2. Amazon (10 shares)

The next stock I'd buy is Amazon (NASDAQ: AMZN), picking up 10 shares for around $2,100. This is just a stock that has become underappreciated and undervalued in my view.

It trades at a forward P/E ratio below 27, a deep discount to its big retail peers such as Walmart and Costco, which are above 40, despite its stronger growth. Meanwhile, it's getting no credit in the market for the accelerating growth it's starting to see in its cloud computing business.

The company has a history of getting good returns on its investments, and this time should be no different as it pours money into its data center buildout. This is a great price at which to buy shares of this market leader in e-commerce and cloud computing.

Artist rendering of AI chip and data center.

Image source: Getty Images.

3 and 4. ServiceNow (18 shares) and Salesforce (10 shares)

The market has indiscriminately sold off software-as-a-service (SaaS) stocks this year over fears that AI will disrupt their business models. However, companies that are deeply embedded in their customers' workflow and data with deep domain expertise are well-positioned to be AI winners, not AI losers.

Two stocks I'd be scooping up while they are down are ServiceNow (NYSE: NOW) and Salesforce (NYSE: CRM). I'd buy $1,800 worth of each, which would be 18 shares of ServiceNow and 10 of Salesforce.

ServiceNow has become ingrained in IT departments around the globe, while its platform has also made inroads into other departments, including human resources and customer service. The company is experiencing strong growth with its NowAssist AI solution, which hit $600 million in annual contract revenue last quarter and is expected to reach $1 billion by year-end. Meanwhile, it has recently introduced AI Control Tower to manage and govern AI agents, which should be another growth driver. The company is growing its revenue at a 20% pace and trades at an attractive forward price-to-sales (P/S) multiple of 6.4 and a forward P/E ratio under 24.
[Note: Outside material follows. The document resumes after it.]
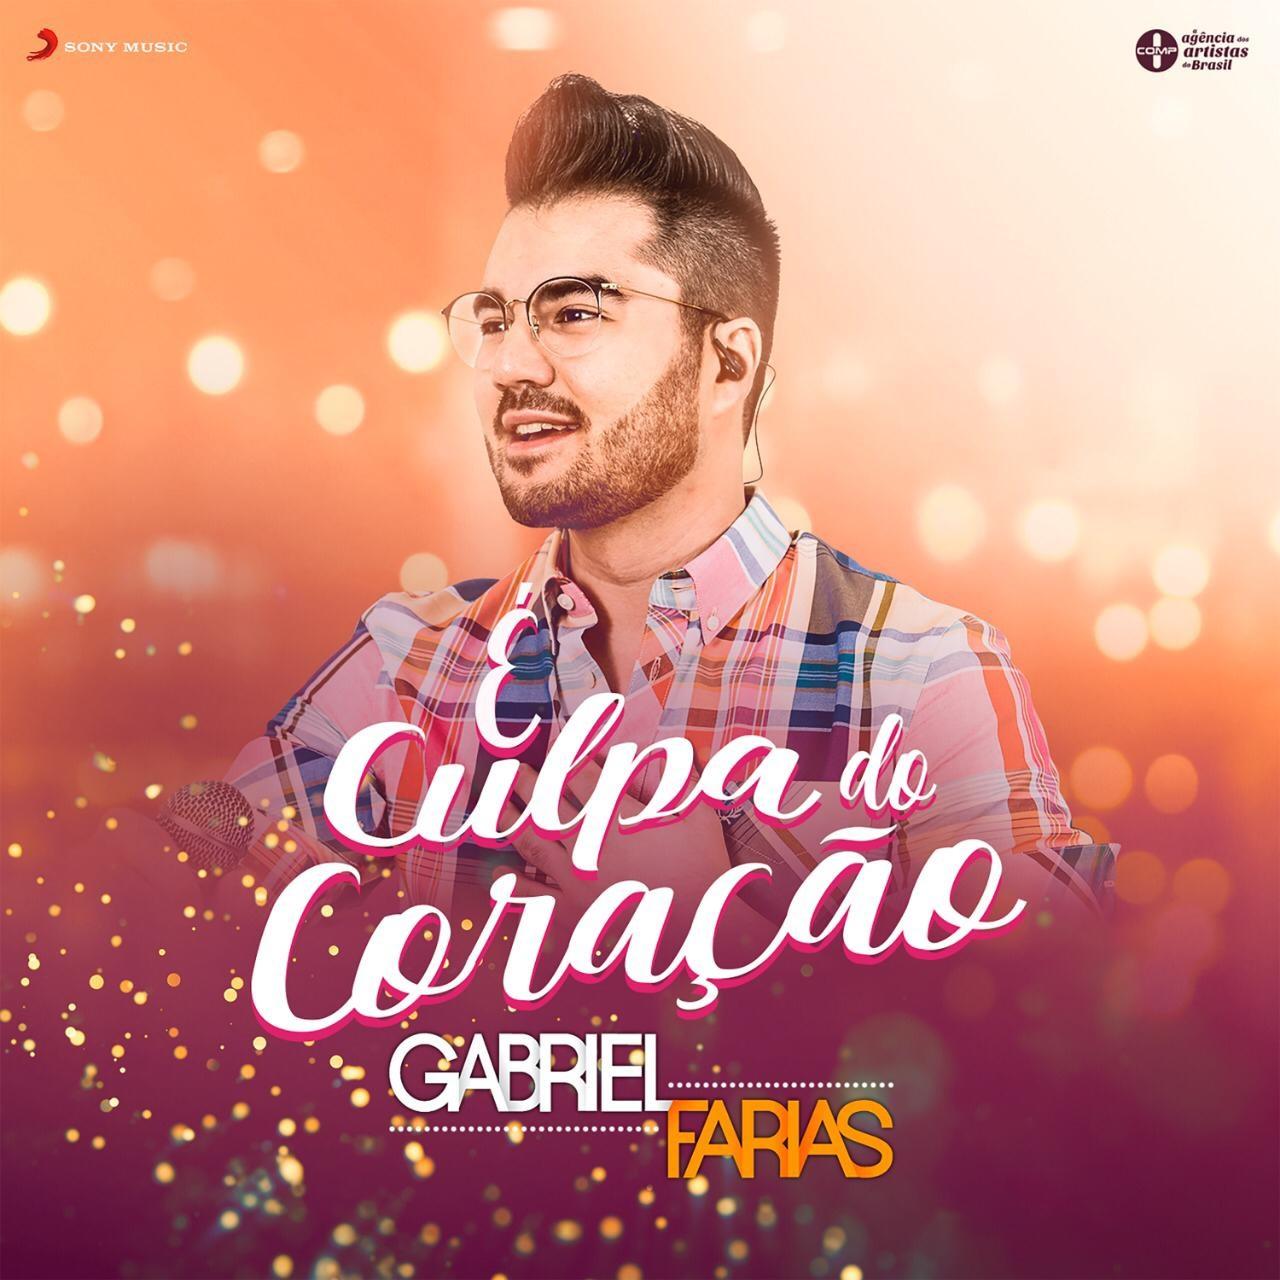 """Gabriel Farias lança videoclipe da música """"É culpa do coração"""" 41"""

Salesforce, meanwhile, is a leader in customer relationship management software and has positioned itself to be a stalwart in agentic AI by becoming a master of records for its customers. Its introduction of Data 360, which can pull in data from outside sources without it having to be transferred, together with its acquisition of Informatica to help clean up that data, sets the stage for it being an important agentic AI player, as AI agents are only as good as the data they are fed. Meanwhile, the stock is dirt cheap, trading at a forward P/E of just above 3.5 and a forward P/E of 12.

5. Broadcom(Five shares)

Finally, I'd add five shares of Broadcom (NASDAQ: AVGO), worth about $1,500. As a hardware company with a forward P/E of 27, it's not as attractively valued as the others, but this is a company set to see explosive growth in the coming years.

As AI chip clusters balloon in size, its data center networking portfolio is poised for further rapid growth. Meanwhile, the company's custom AI chip business is just set to explode, with management projecting over $100 billion in revenue for that business alone in fiscal 2025. It's one of the best growth stories in AI, and with all the trends working in its favor, it's an AI stock I want in my portfolio.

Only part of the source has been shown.